*** SUPPLIED DATA Section Begins ***

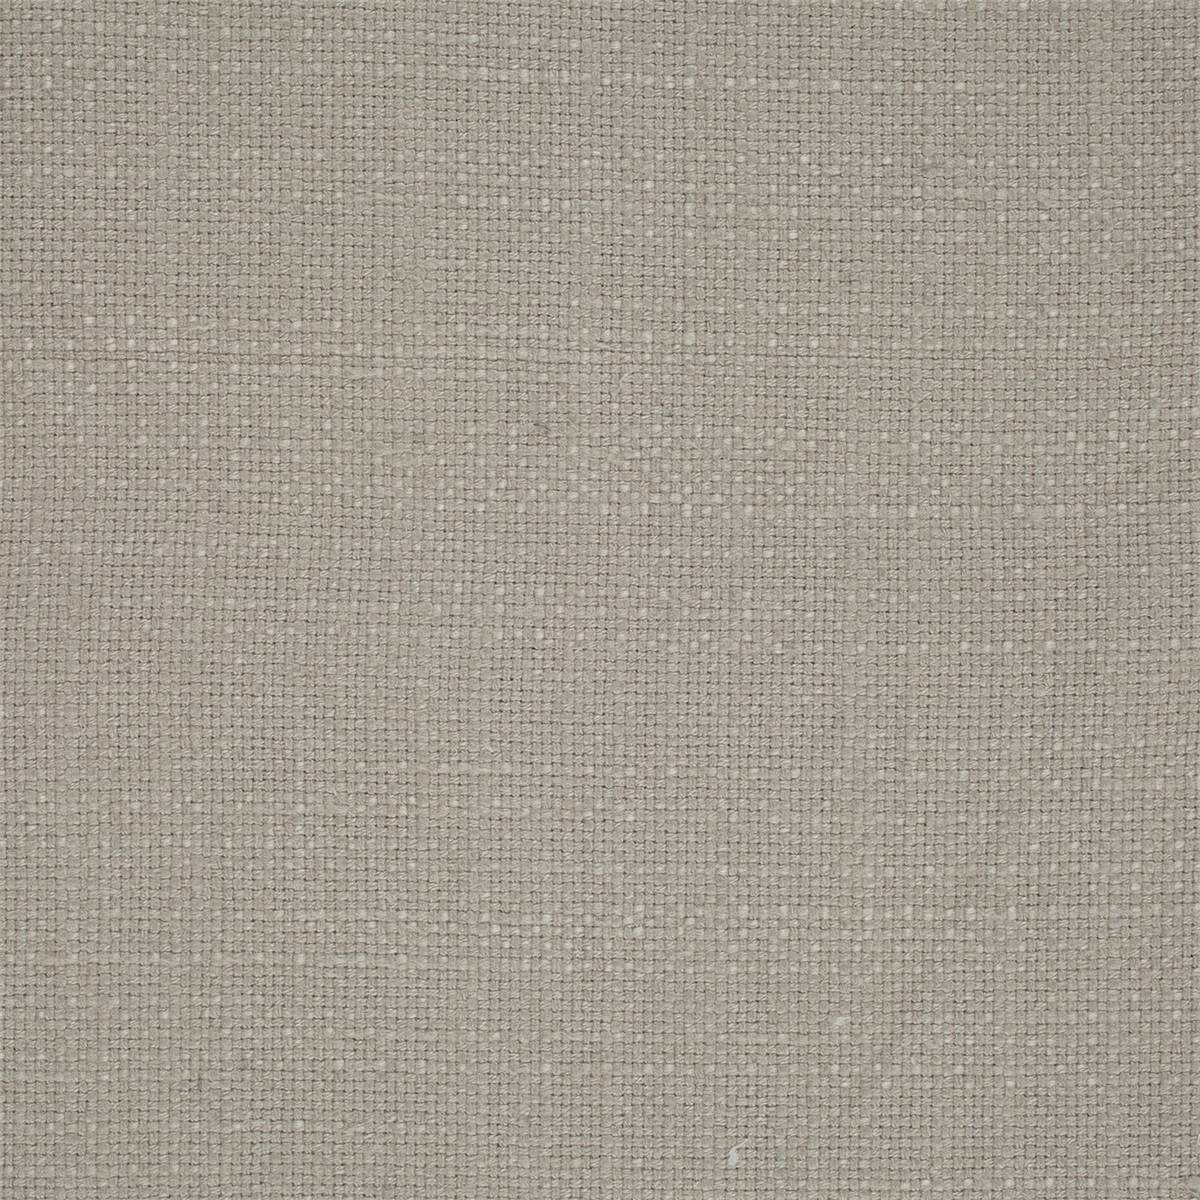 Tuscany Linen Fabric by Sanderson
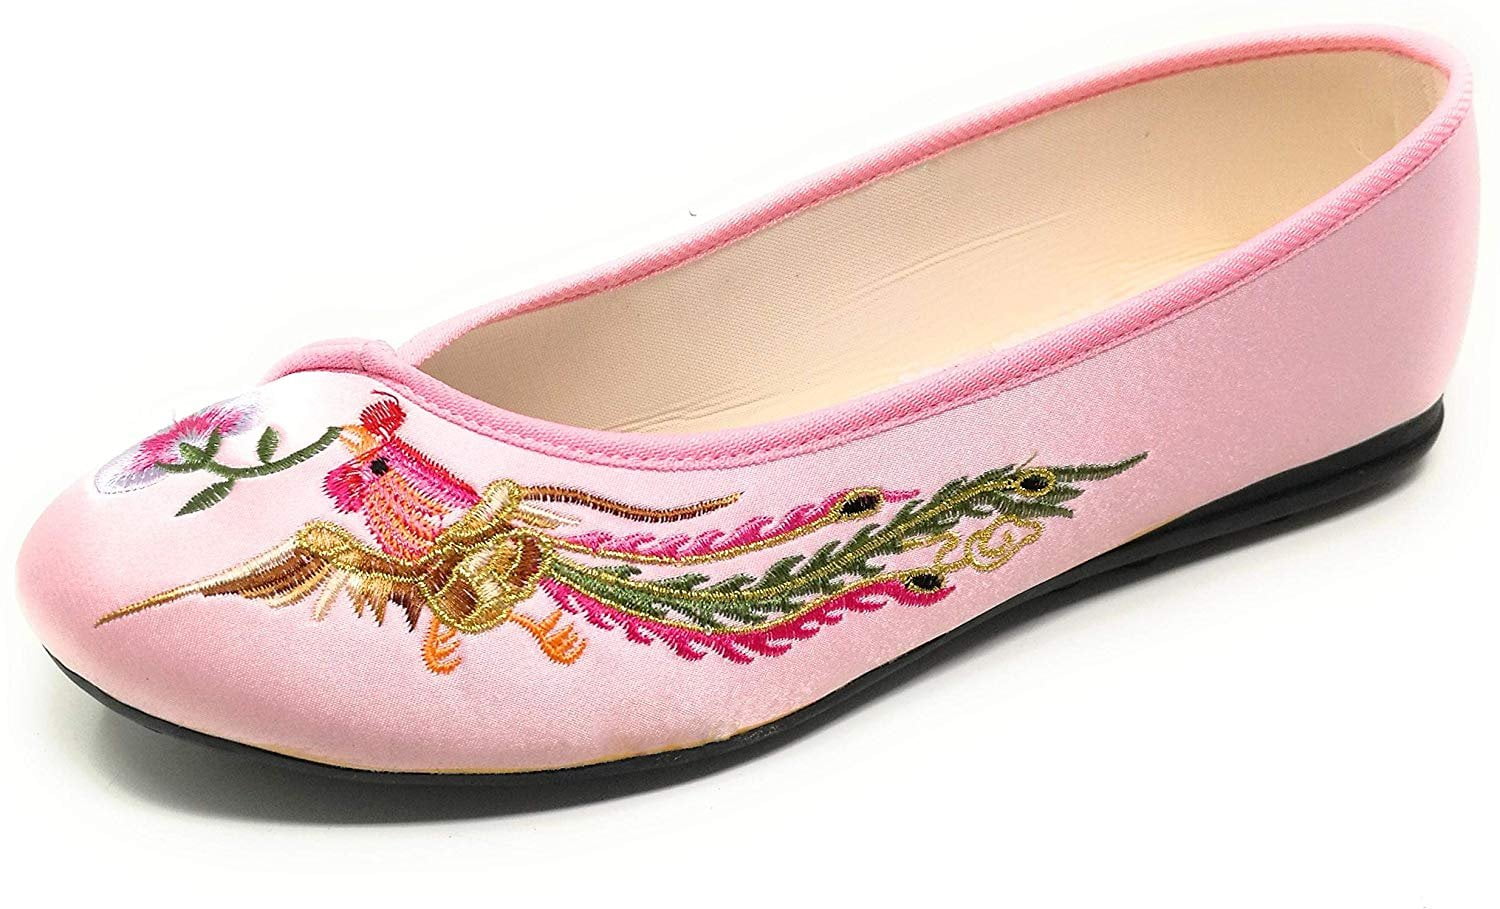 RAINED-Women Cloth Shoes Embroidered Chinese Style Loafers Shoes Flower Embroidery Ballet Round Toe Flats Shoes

*** SUPPLIED DATA Section Ends ***
*** SUPPLIED DATA Section Begins ***

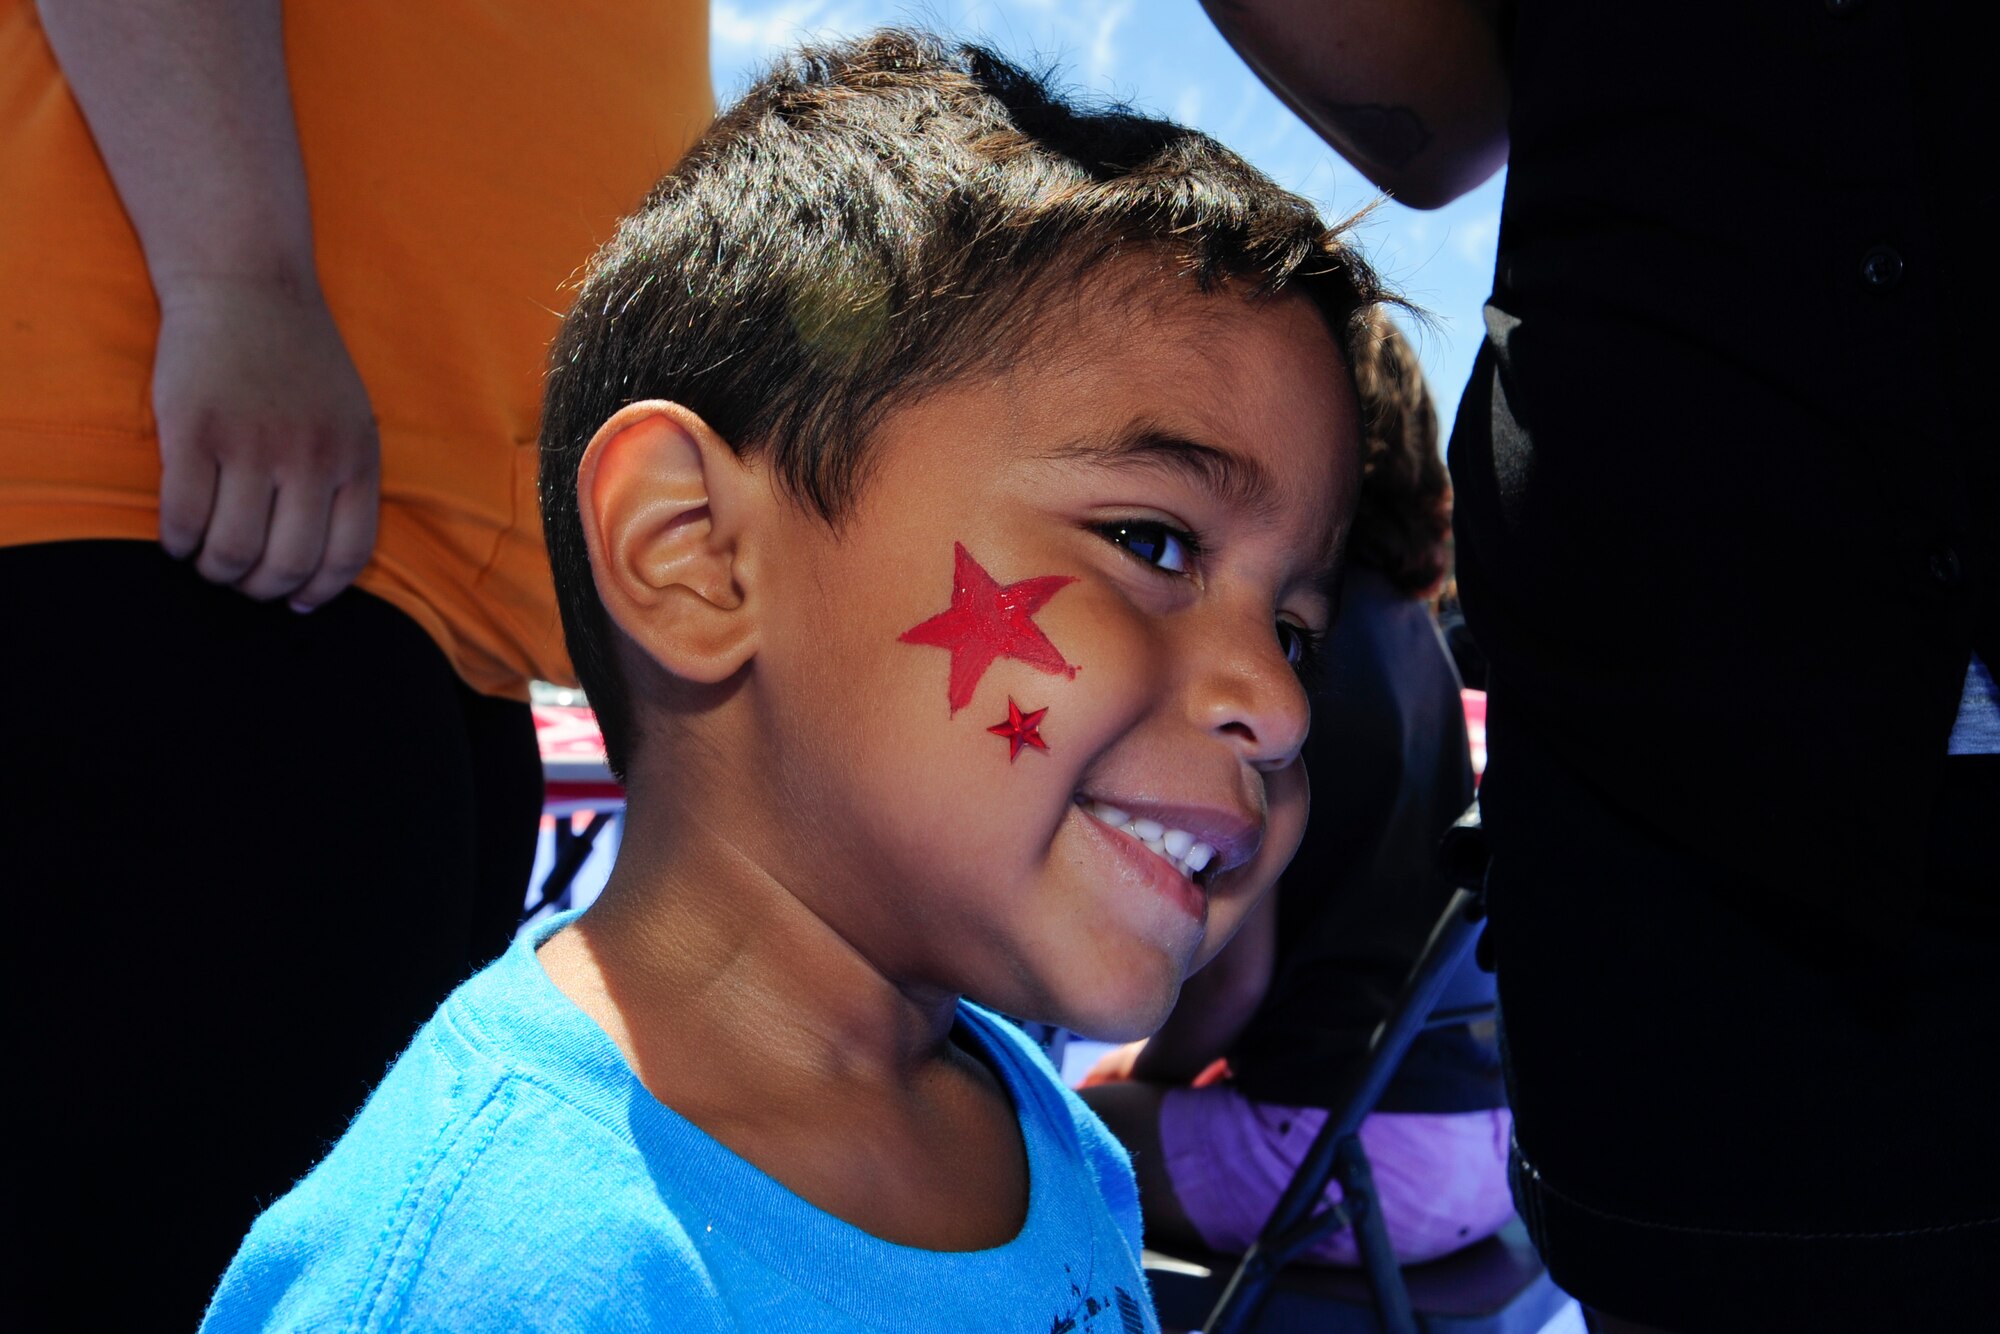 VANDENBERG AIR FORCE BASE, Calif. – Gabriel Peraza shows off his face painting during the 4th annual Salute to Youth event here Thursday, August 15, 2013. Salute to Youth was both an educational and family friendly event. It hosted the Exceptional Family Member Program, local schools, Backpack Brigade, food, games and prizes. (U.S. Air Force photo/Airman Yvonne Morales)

*** SUPPLIED DATA Section Ends ***

EXERCISE DESCRIPTION:
Output exactly the lines of the listing above that start with the one holding "Tuscany Linen Fabric by Sanderson" and go on through the one holding "RAINED-Women Cloth Shoes"; leave the pictures out.

SOLUTION BELOW:
 Tuscany Linen Fabric by Sanderson
 RAINED-Women Cloth Shoes Embroidered Chinese Style Loafers Shoes Flower Embroidery Ballet Round Toe Flats Shoes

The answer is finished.